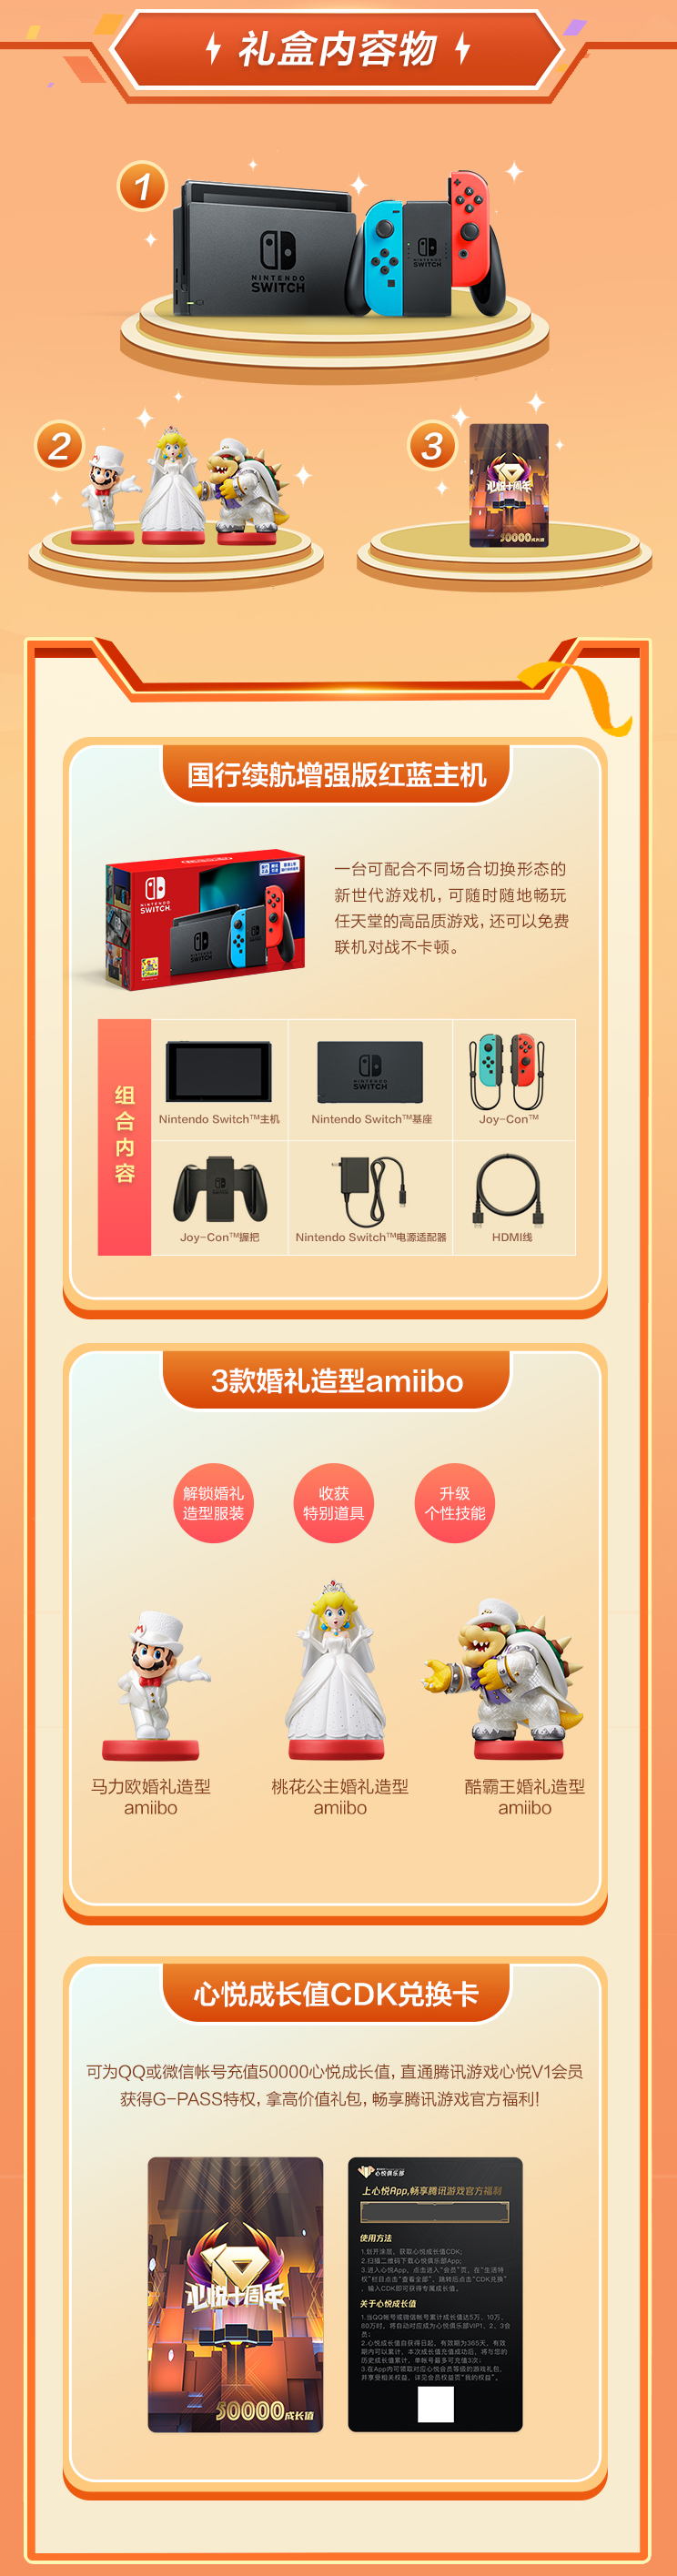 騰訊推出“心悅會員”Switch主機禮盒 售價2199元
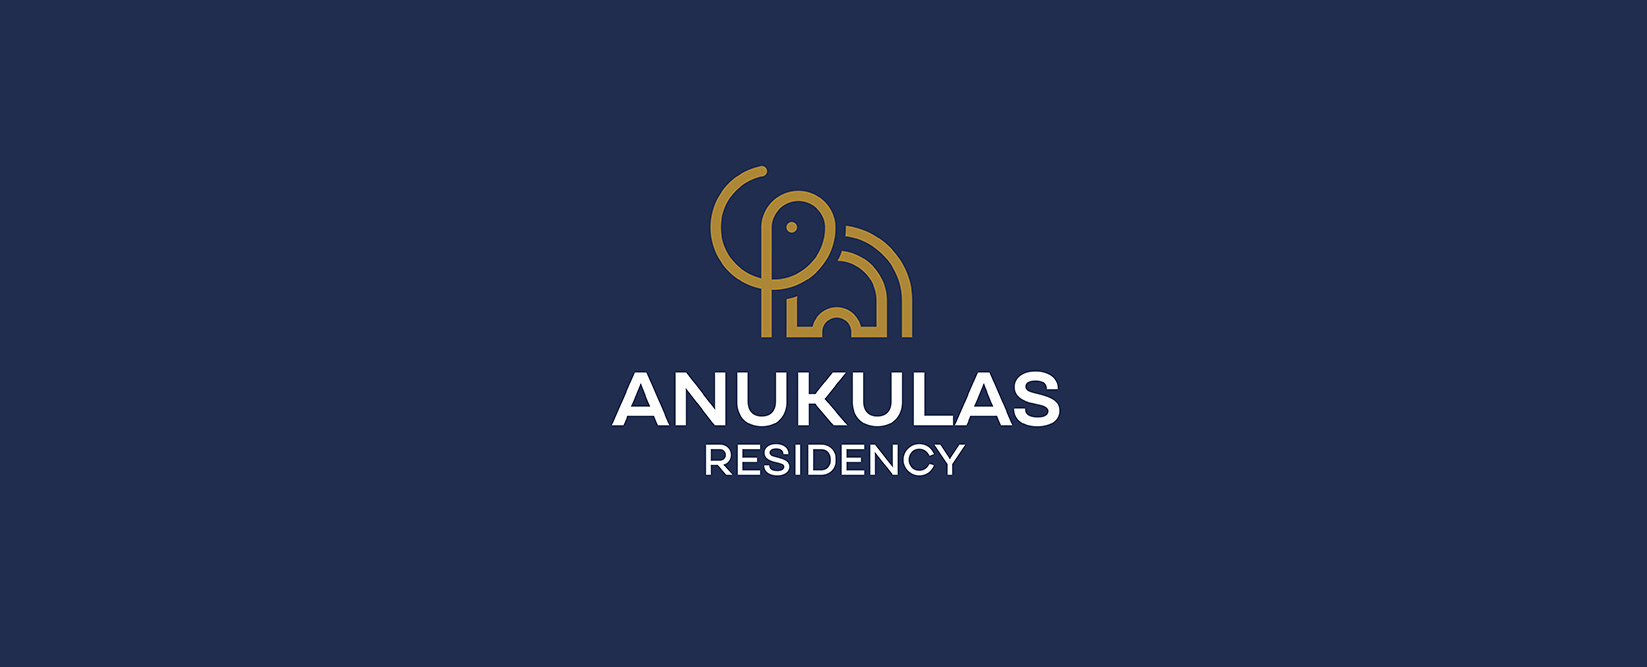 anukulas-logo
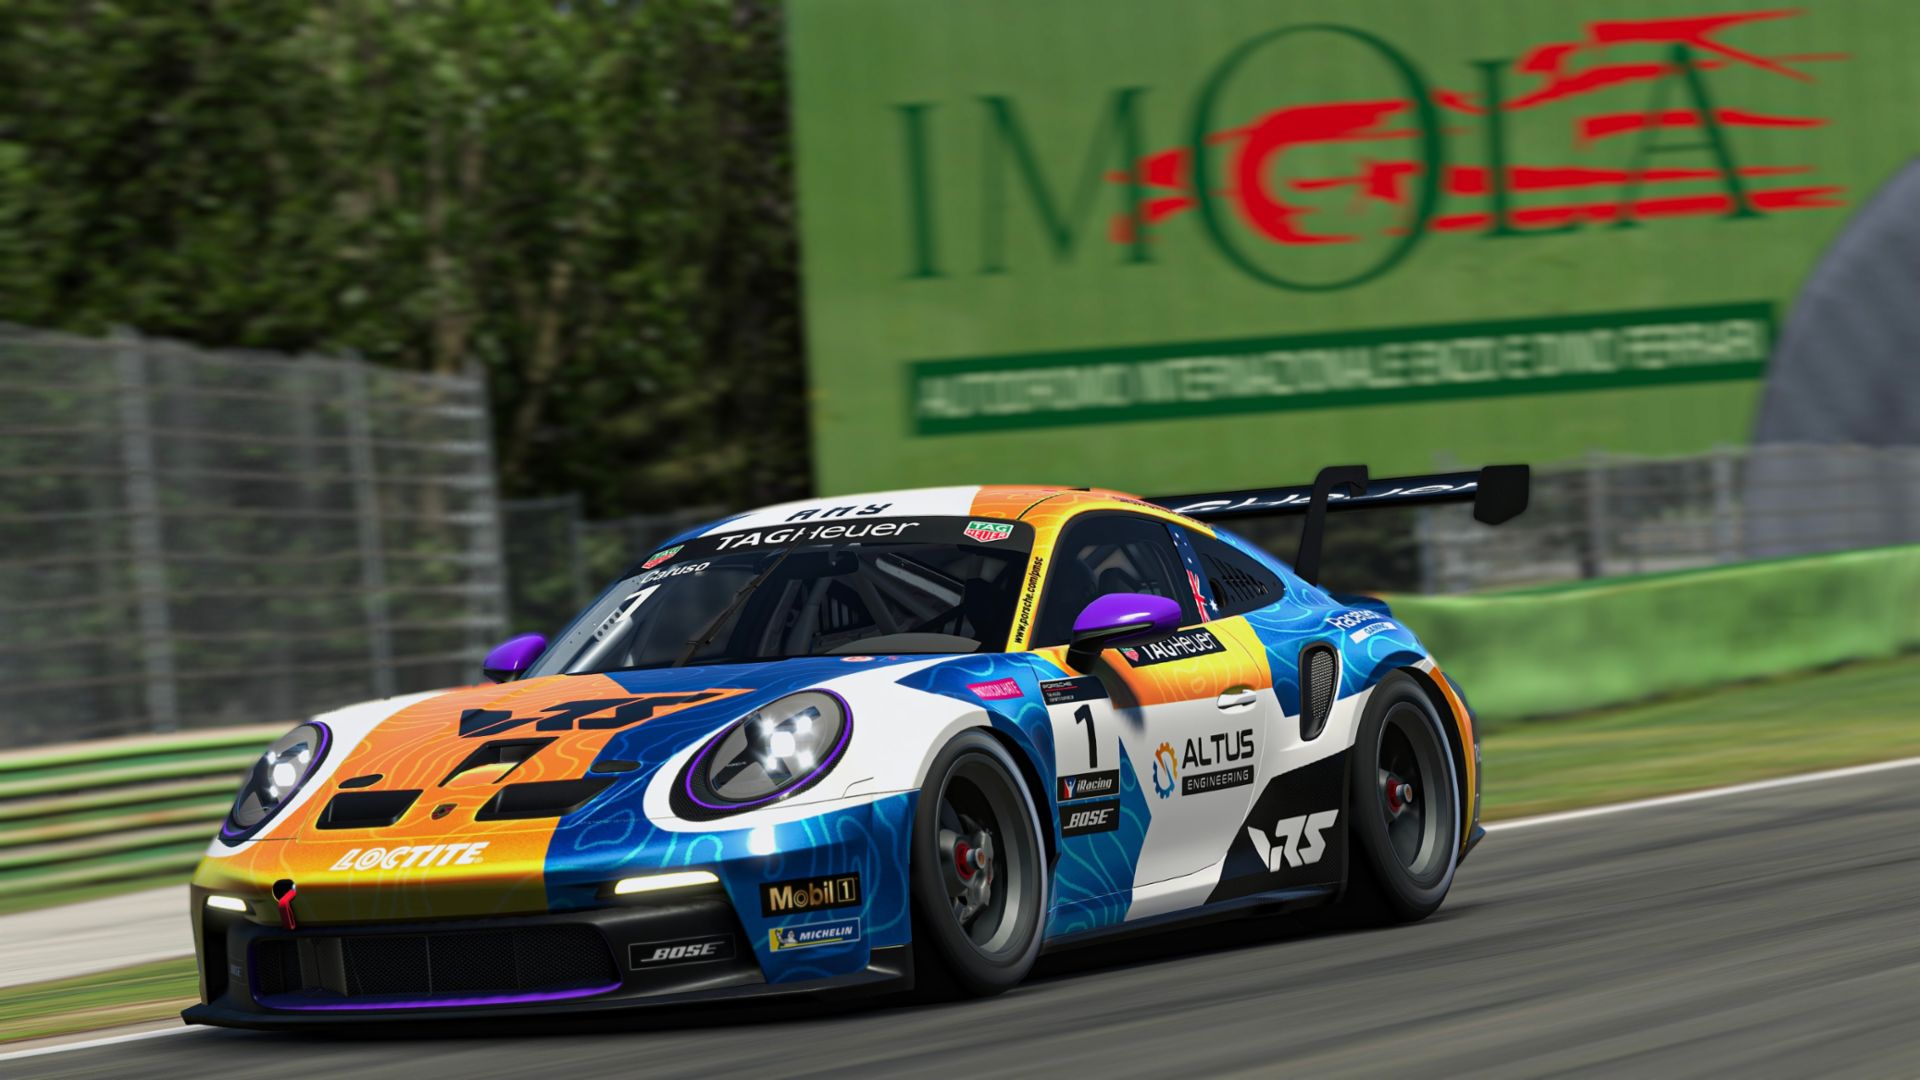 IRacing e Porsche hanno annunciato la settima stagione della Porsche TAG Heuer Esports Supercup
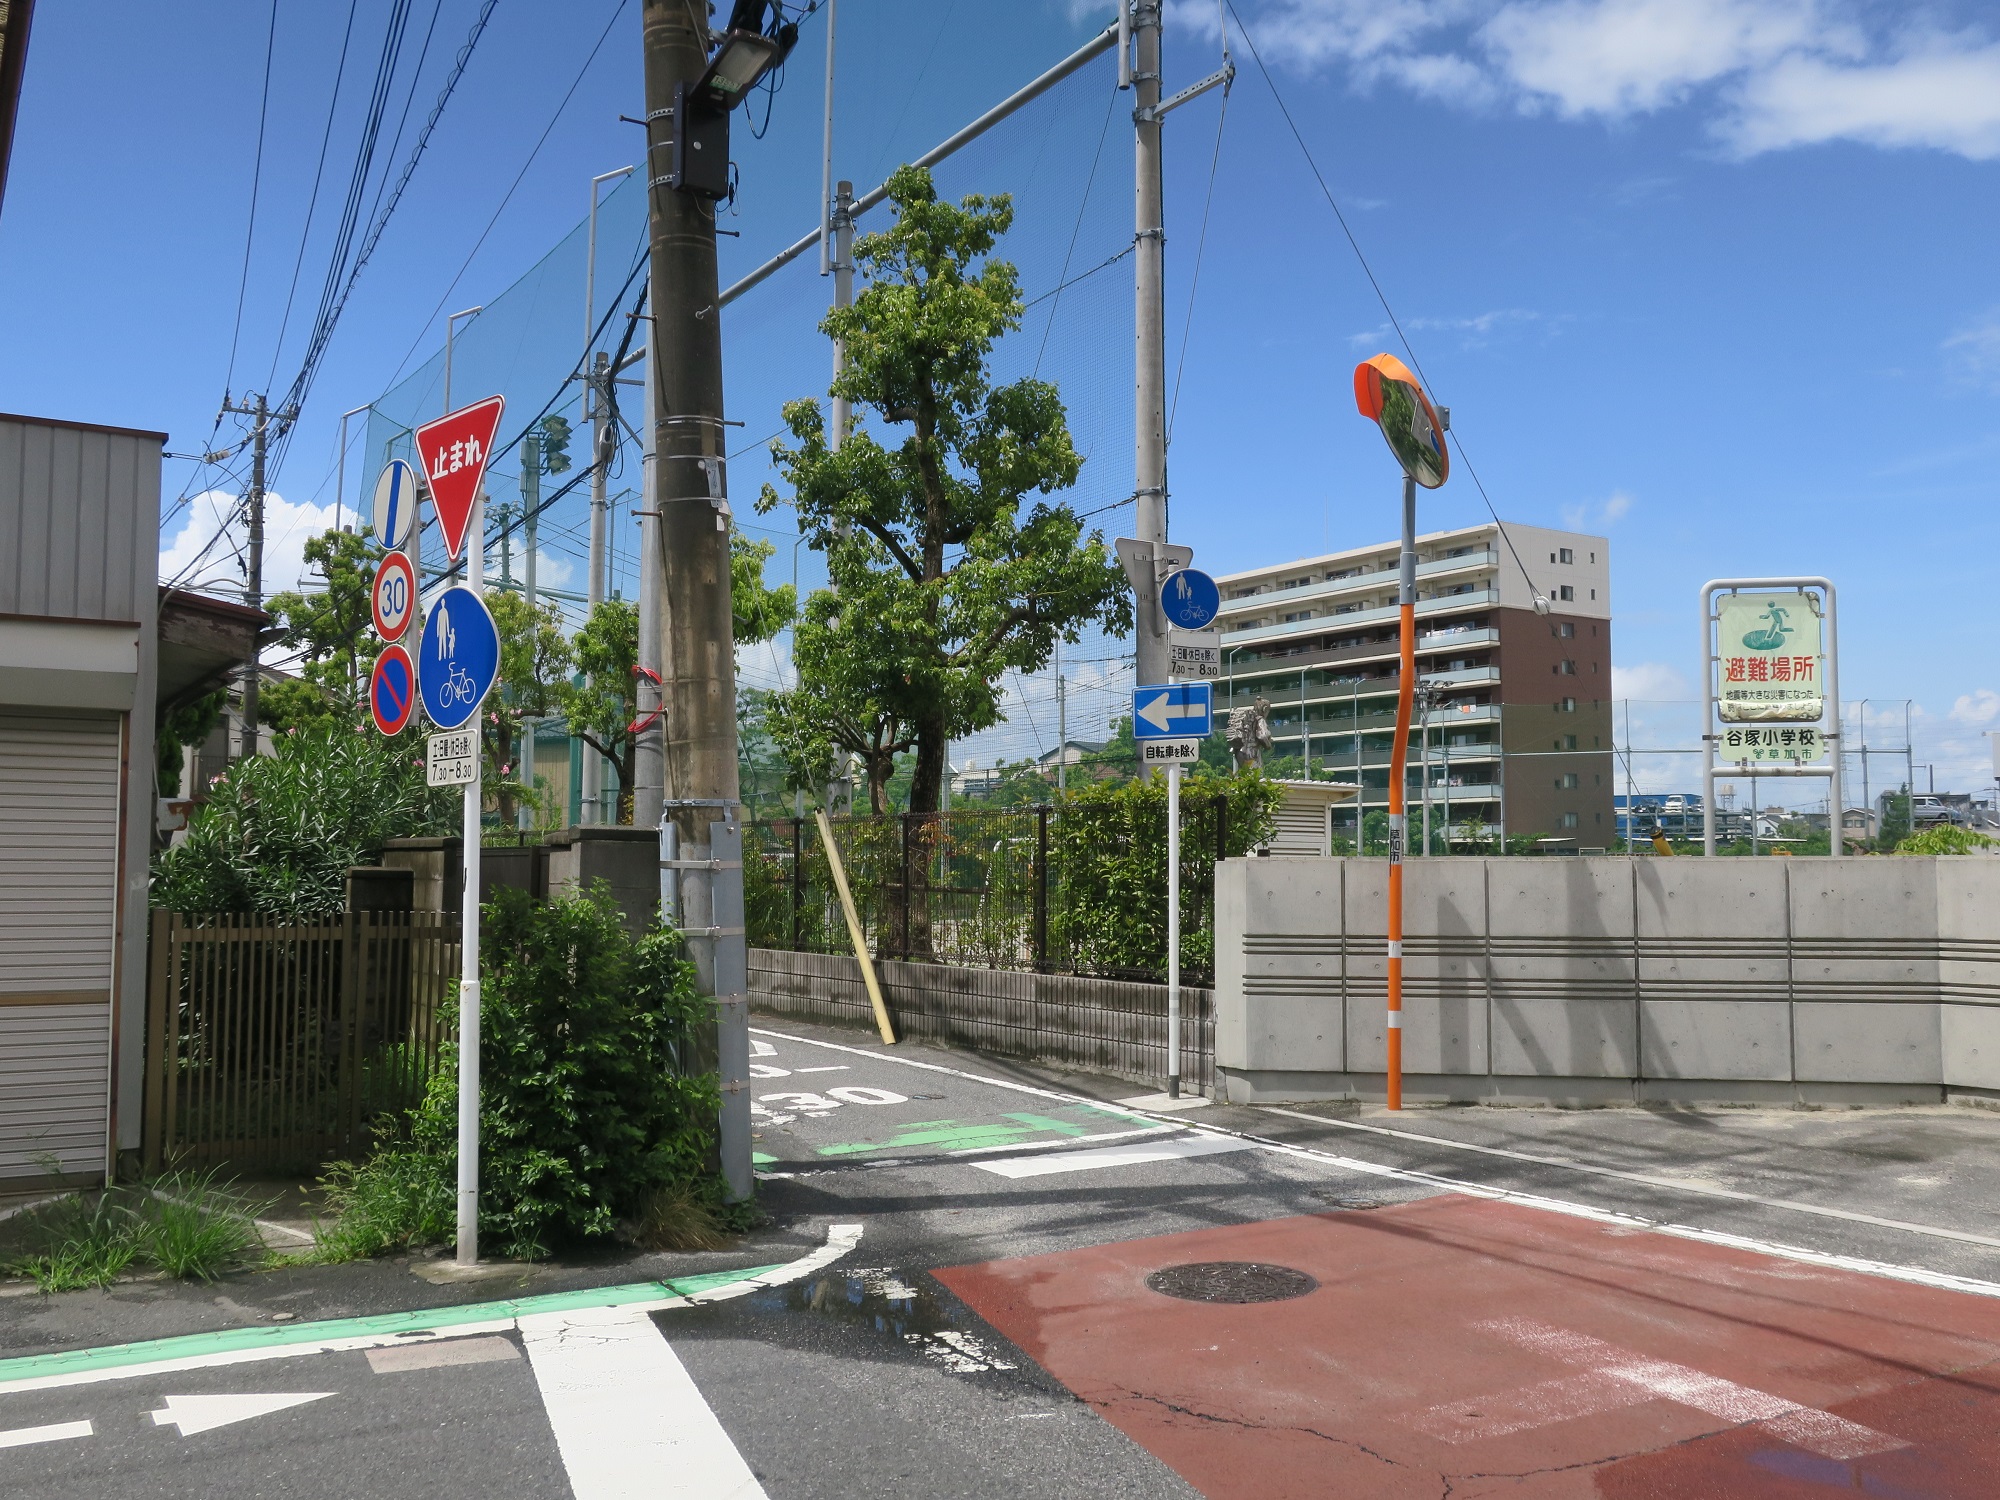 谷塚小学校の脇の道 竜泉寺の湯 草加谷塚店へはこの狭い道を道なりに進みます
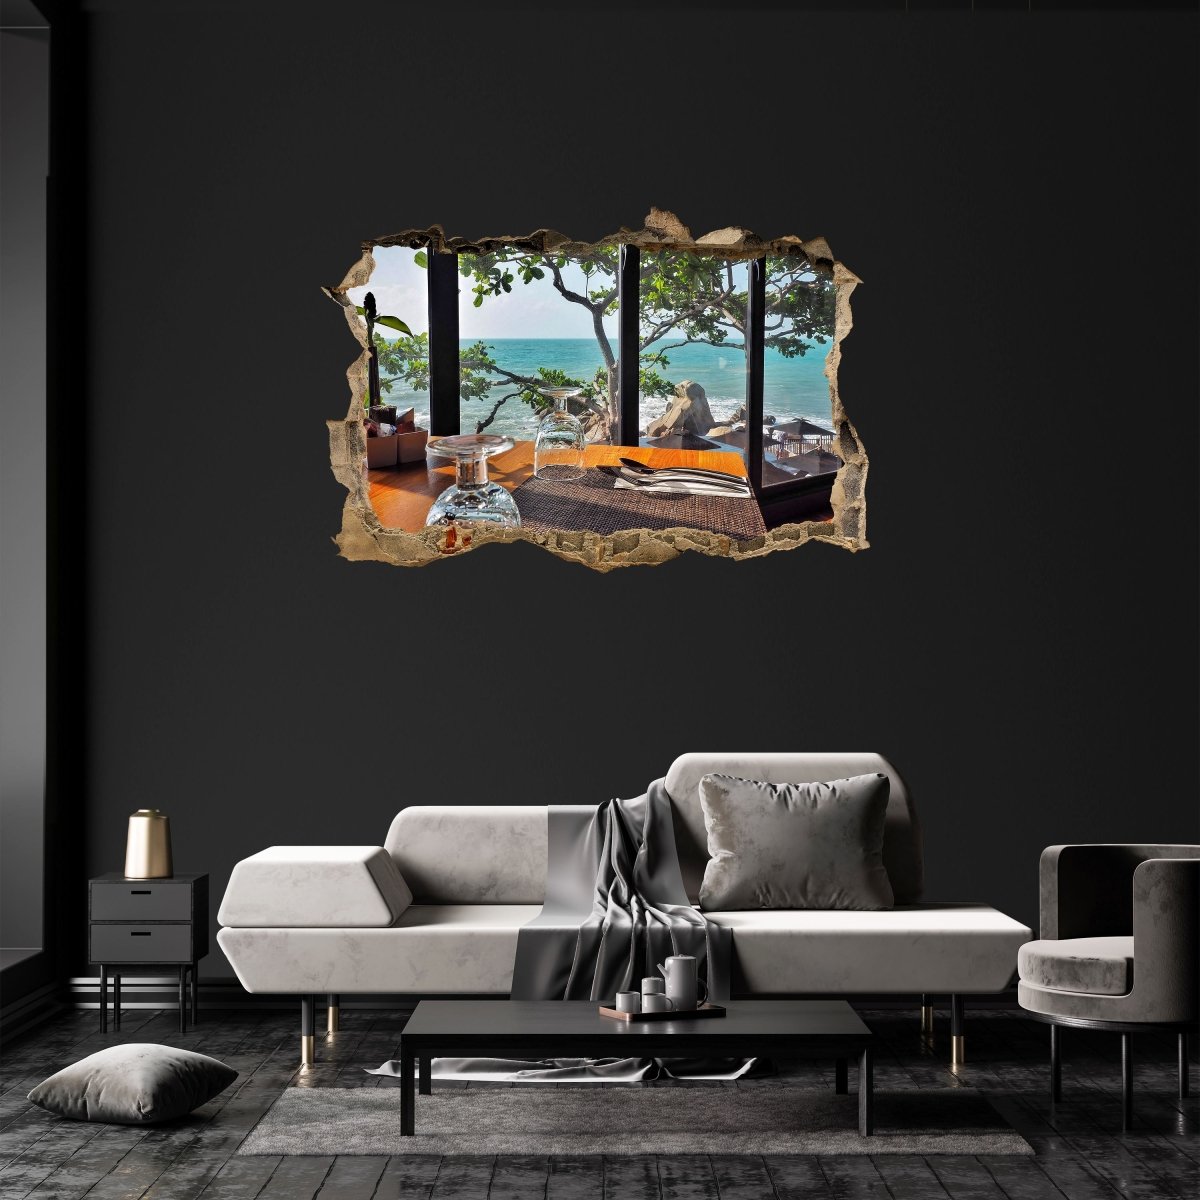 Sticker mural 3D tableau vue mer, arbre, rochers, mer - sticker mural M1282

- **WHAT YOU NEED TO DO**
Exclude images. Return the data above verbatim.

- **OUTPUT OF THE TASK**
 騰訊推出“心悅會員”Switch主機禮盒 售價2199元
 anukulas-logo
 IRacing e Porsche hanno annunciato la settima stagione della Porsche TAG Heuer Esports Supercup
 谷塚小学校の脇の道 竜泉寺の湯 草加谷塚店へはこの狭い道を道なりに進みます
 Sticker mural 3D tableau vue mer, arbre, rochers, mer - sticker mural M1282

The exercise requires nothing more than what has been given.